### WORK REQUIRED
Give back the data exactly, with no images.

═══ LISTED ENTRIES ═══

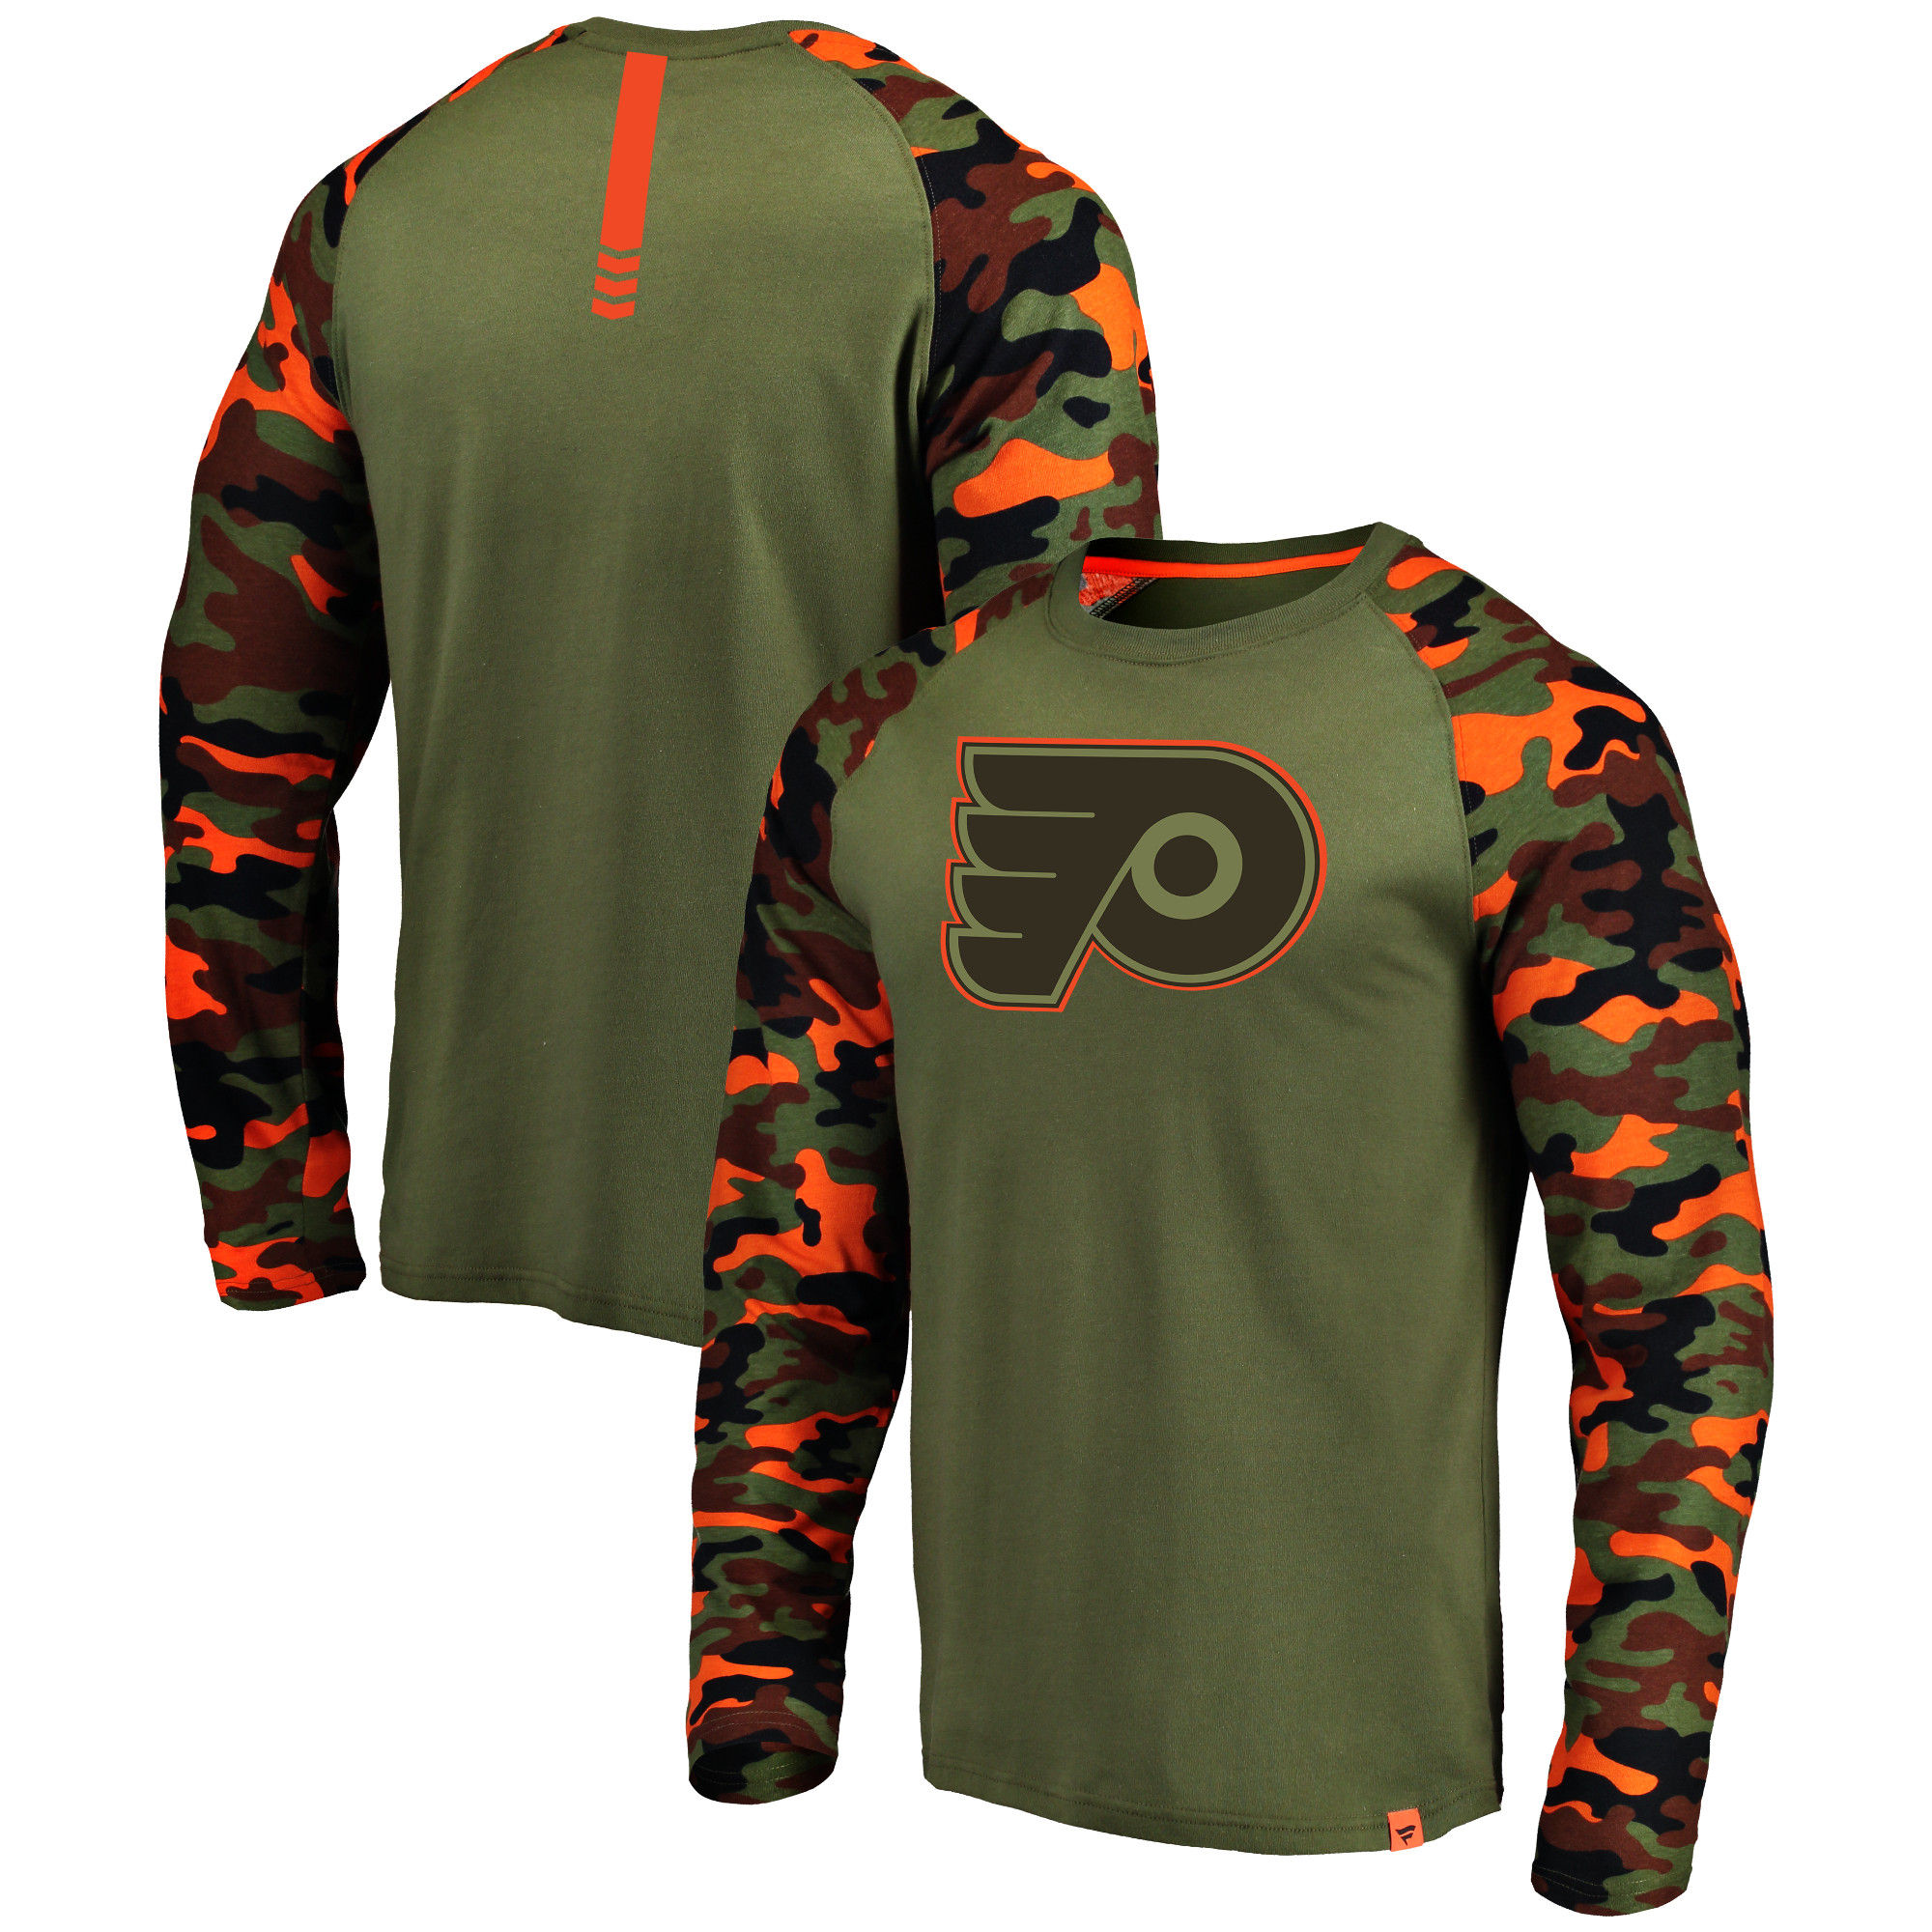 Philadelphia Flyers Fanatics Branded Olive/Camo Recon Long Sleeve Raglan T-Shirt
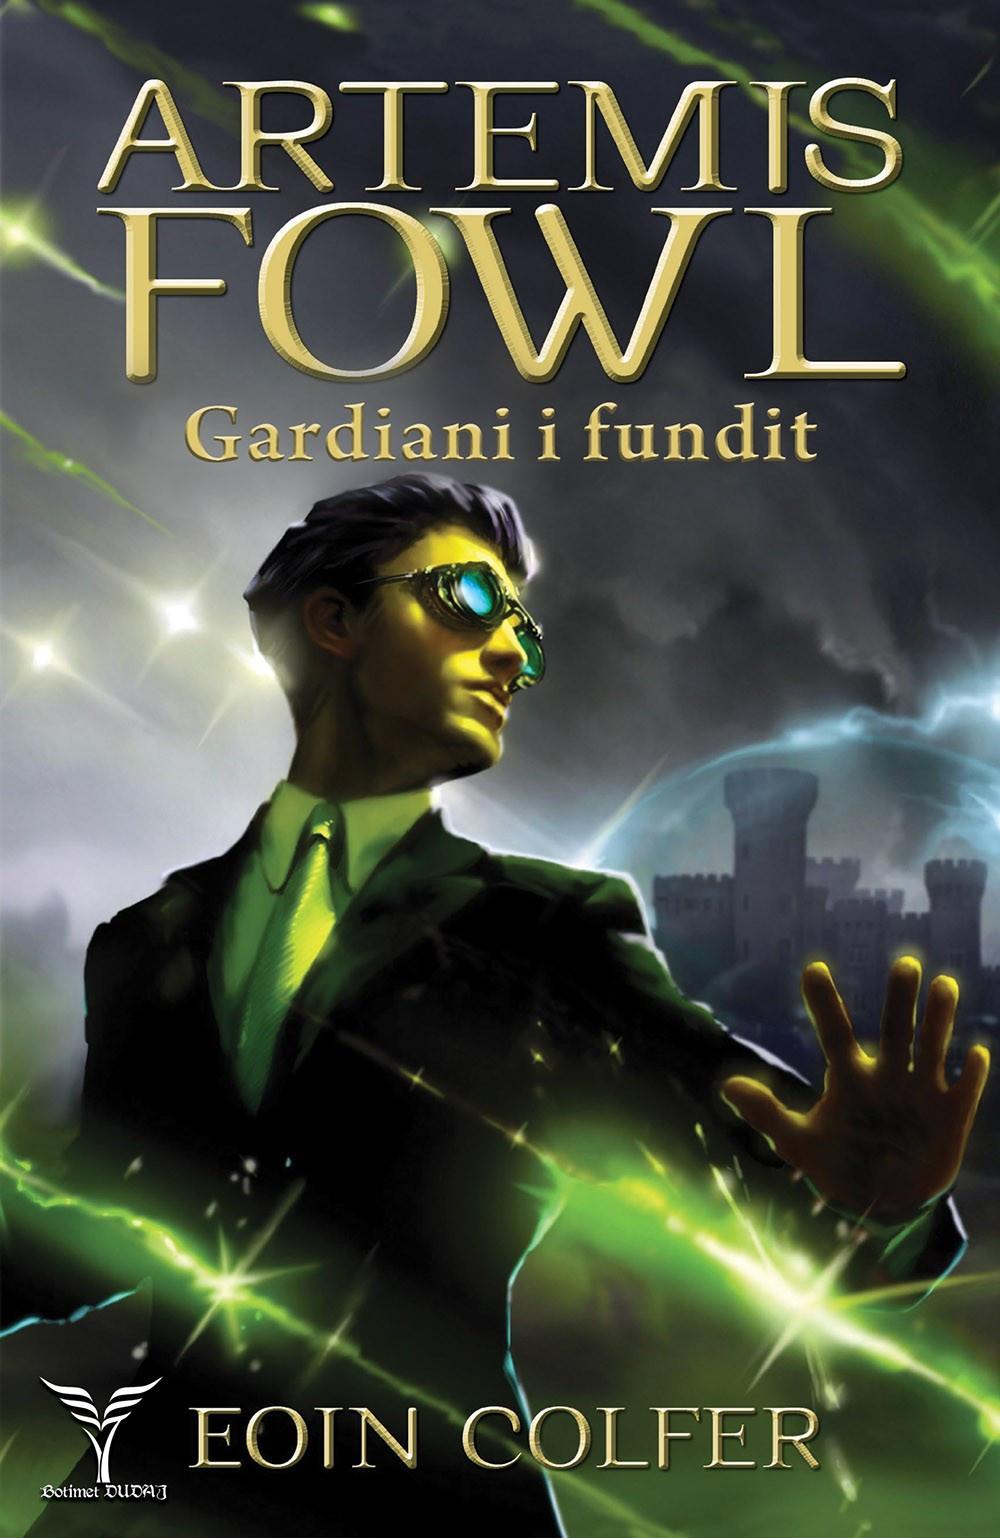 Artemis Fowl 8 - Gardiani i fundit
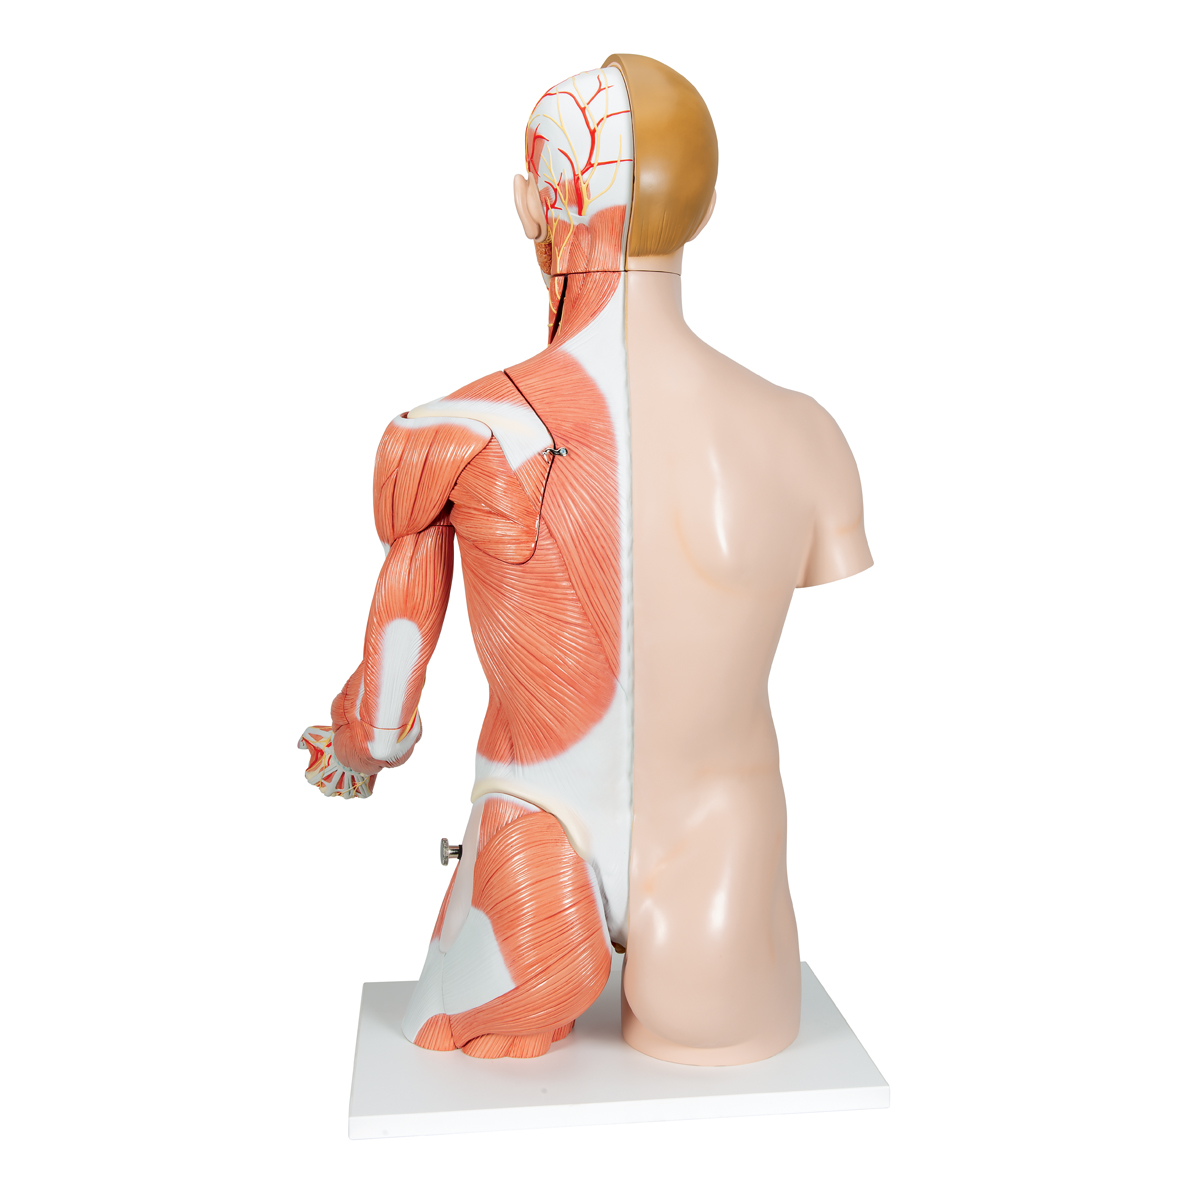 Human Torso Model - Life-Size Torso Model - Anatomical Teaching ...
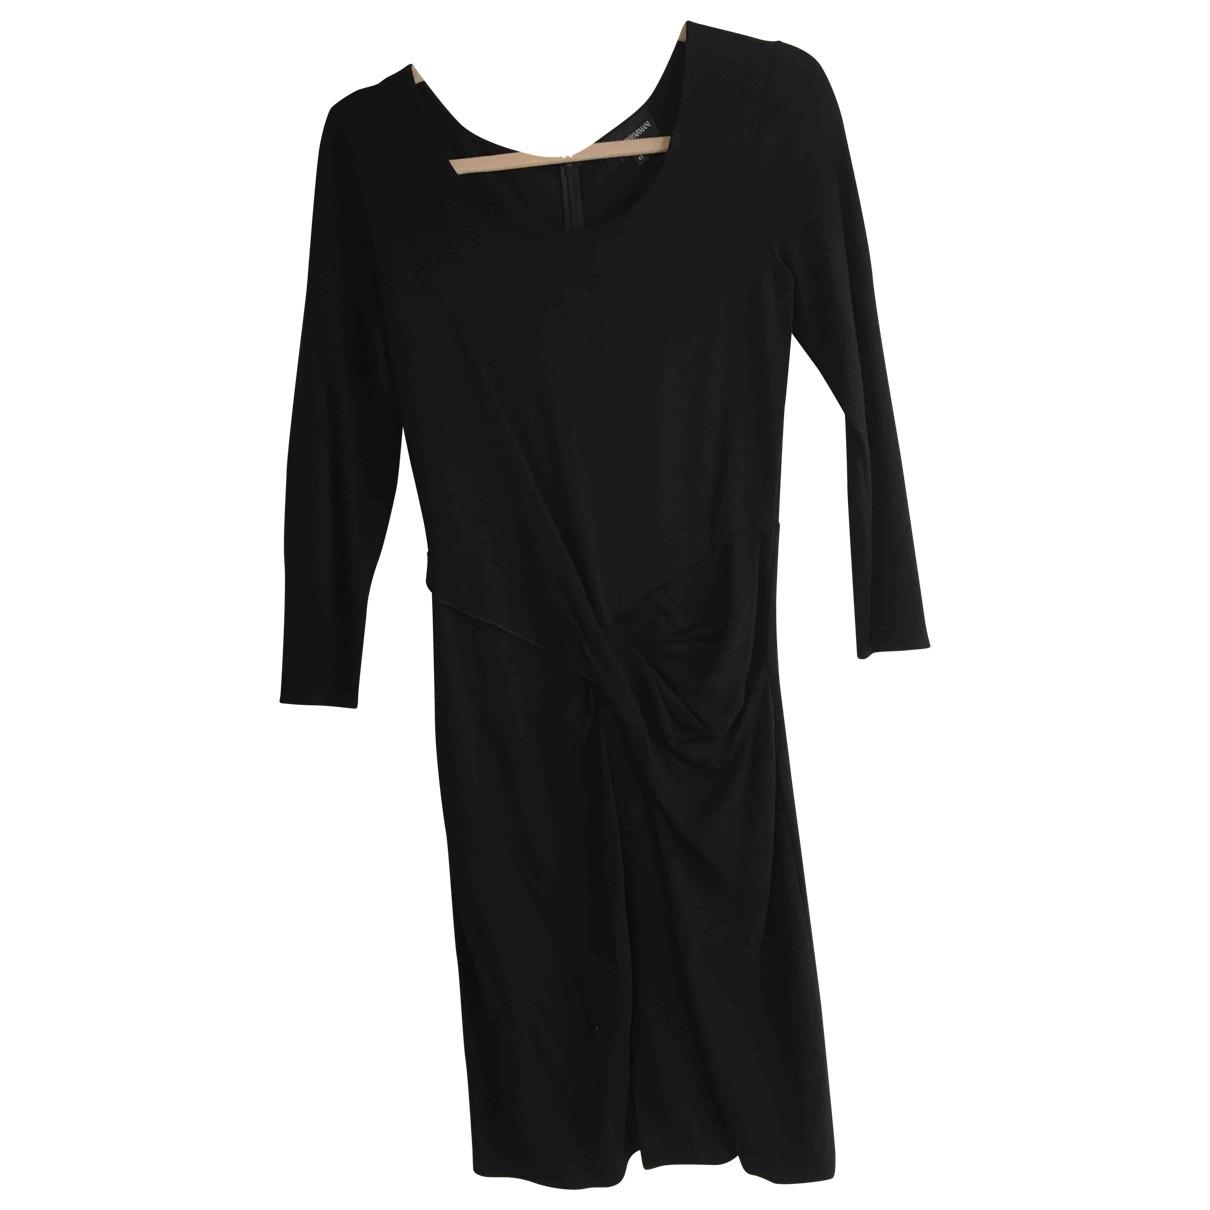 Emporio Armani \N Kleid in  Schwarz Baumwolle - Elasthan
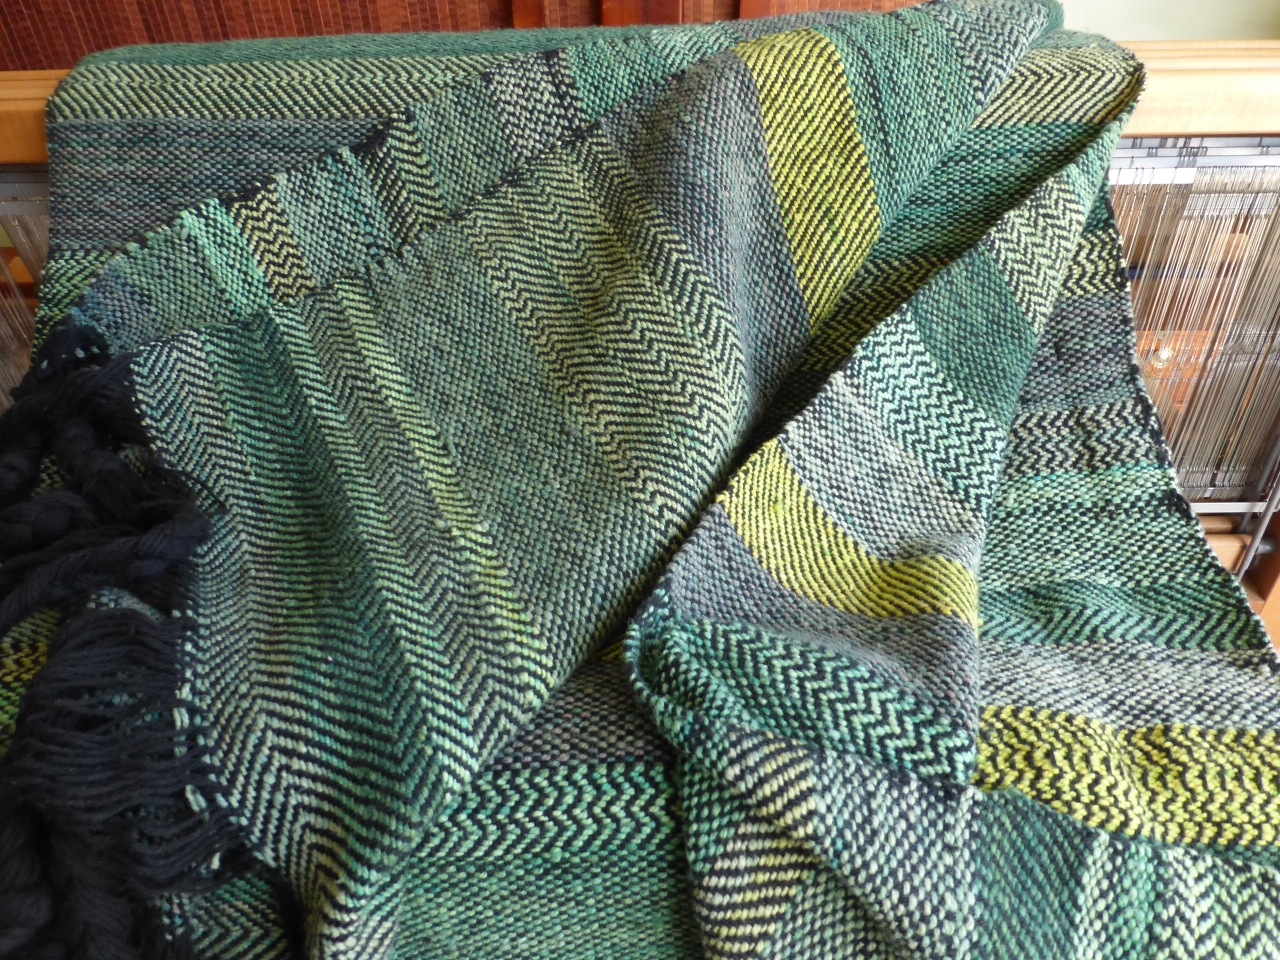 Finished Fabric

═══

### ANSWER
 Philadelphia Flyers Fanatics Branded Olive/Camo Recon Long Sleeve Raglan T-Shirt
 Artemis Fowl 8 - Gardiani i fundit
 Human Torso Model - Life-Size Torso Model - Anatomical Teaching ...
 Emporio Armani \N Kleid in  Schwarz Baumwolle - Elasthan
 Finished Fabric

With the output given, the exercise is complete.